| addMissing {SimDesign} | R Documentation |
Add missing values to a vector given a MCAR, MAR, or MNAR scheme
Description
Given an input vector, replace elements of this vector with missing values according to some scheme.
Default method replaces input values with a MCAR scheme (where on average 10% of the values will be
replaced with NAs). MAR and MNAR are supported by replacing the default FUN argument.
Usage
addMissing(y, fun = function(y, rate = 0.1, ...) rep(rate, length(y)), ...)
Arguments
y |
an input vector that should contain missing data in the form of |
fun |
a user defined function indicating the missing data mechanism for each element in |
... |
additional arguments to be passed to |
Details
Given an input vector y, and other relevant variables inside (X) and outside (Z) the data-set, the three types of missingness are:
- MCAR
Missing completely at random (MCAR). This is realized by randomly sampling the values of the input vector (y) irrespective of the possible values in X and Z. Therefore missing values are randomly sampled and do not depend on any data characteristics and are truly random
- MAR
Missing at random (MAR). This is realized when values in the dataset (X) predict the missing data mechanism in y; conceptually this is equivalent to
P(y = NA | X). This requires the user to define a custom missing data function- MNAR
Missing not at random (MNAR). This is similar to MAR except that the missing mechanism comes from the value of y itself or from variables outside the working dataset; conceptually this is equivalent to
P(y = NA | X, Z, y). This requires the user to define a custom missing data function
Value
the input vector y with the sampled NA values
(according to the FUN scheme)
Author(s)
Phil Chalmers rphilip.chalmers@gmail.com
References
Chalmers, R. P., & Adkins, M. C. (2020). Writing Effective and Reliable Monte Carlo Simulations
with the SimDesign Package. The Quantitative Methods for Psychology, 16(4), 248-280.
doi:10.20982/tqmp.16.4.p248
Sigal, M. J., & Chalmers, R. P. (2016). Play it again: Teaching statistics with Monte
Carlo simulation. Journal of Statistics Education, 24(3), 136-156.
doi:10.1080/10691898.2016.1246953
Examples
## Not run:
set.seed(1)
y <- rnorm(1000)
## 10% missing rate with default FUN
head(ymiss <- addMissing(y), 10)
## 50% missing with default FUN
head(ymiss <- addMissing(y, rate = .5), 10)

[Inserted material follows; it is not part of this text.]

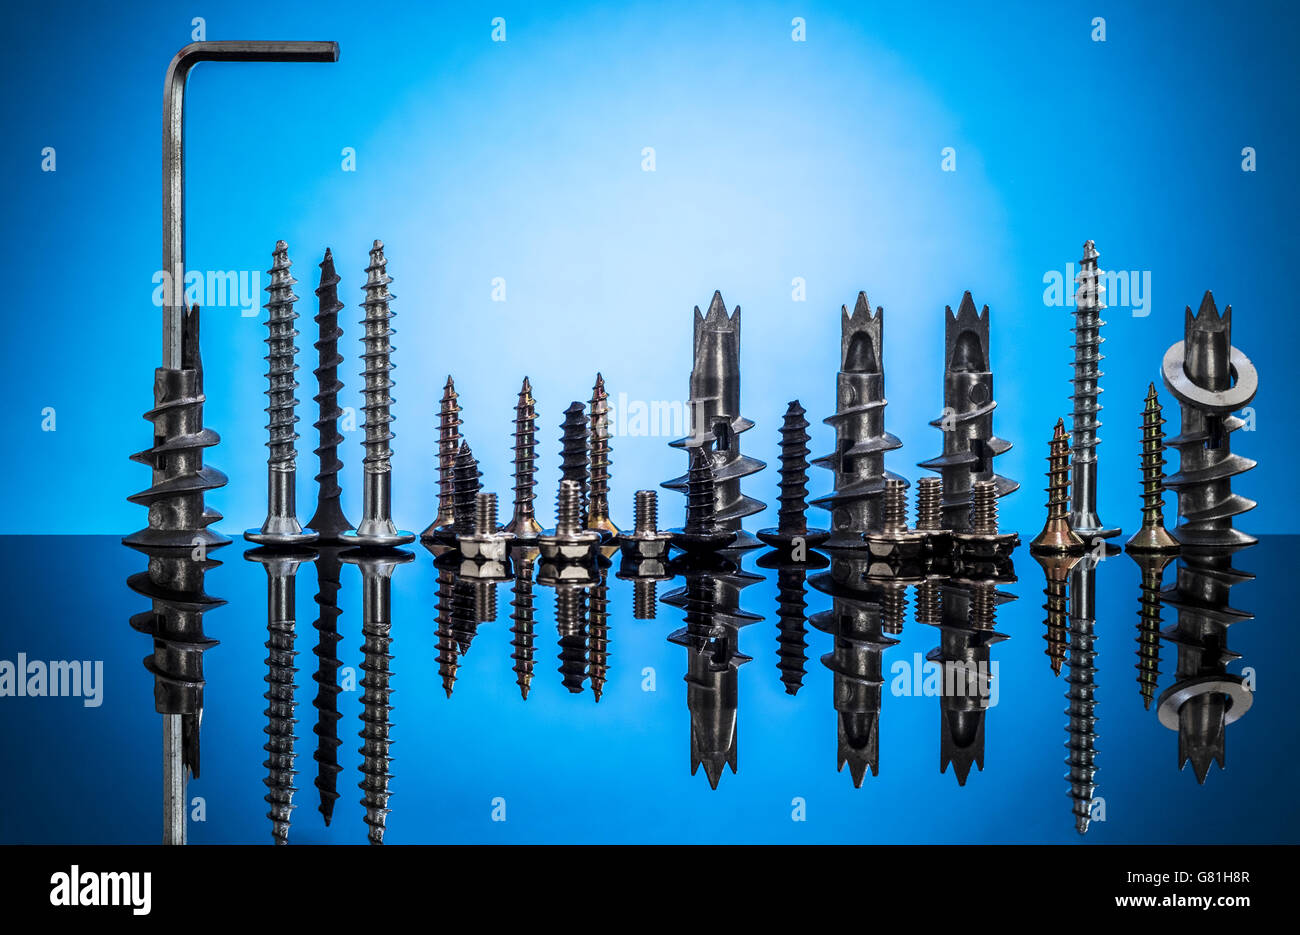 Sammlung von Schrauben und Bolzen auf blauem Grund repräsentieren die Skyline einer Stadt und ihre Reflexion Stockfoto

## missing values only when female and low
X <- data.frame(group = sample(c('male', 'female'), 1000, replace=TRUE),
level = sample(c('high', 'low'), 1000, replace=TRUE))
head(X)
fun <- function(y, X, ...){
p <- rep(0, length(y))
p[X$group == 'female' & X$level == 'low'] <- .2
p
}
ymiss <- addMissing(y, X, fun=fun)
tail(cbind(ymiss, X), 10)
## missingness as a function of elements in X (i.e., a type of MAR)
fun <- function(y, X){
# missingness with a logistic regression approach
df <- data.frame(y, X)
mm <- model.matrix(y ~ group + level, df)
cfs <- c(-5, 2, 3) #intercept, group, and level coefs
z <- cfs %*% t(mm)
plogis(z)
}
ymiss <- addMissing(y, X, fun=fun)
tail(cbind(ymiss, X), 10)
## missing values when y elements are large (i.e., a type of MNAR)
fun <- function(y) ifelse(abs(y) > 1, .4, 0)
ymiss <- addMissing(y, fun=fun)
tail(cbind(y, ymiss), 10)
## End(Not run)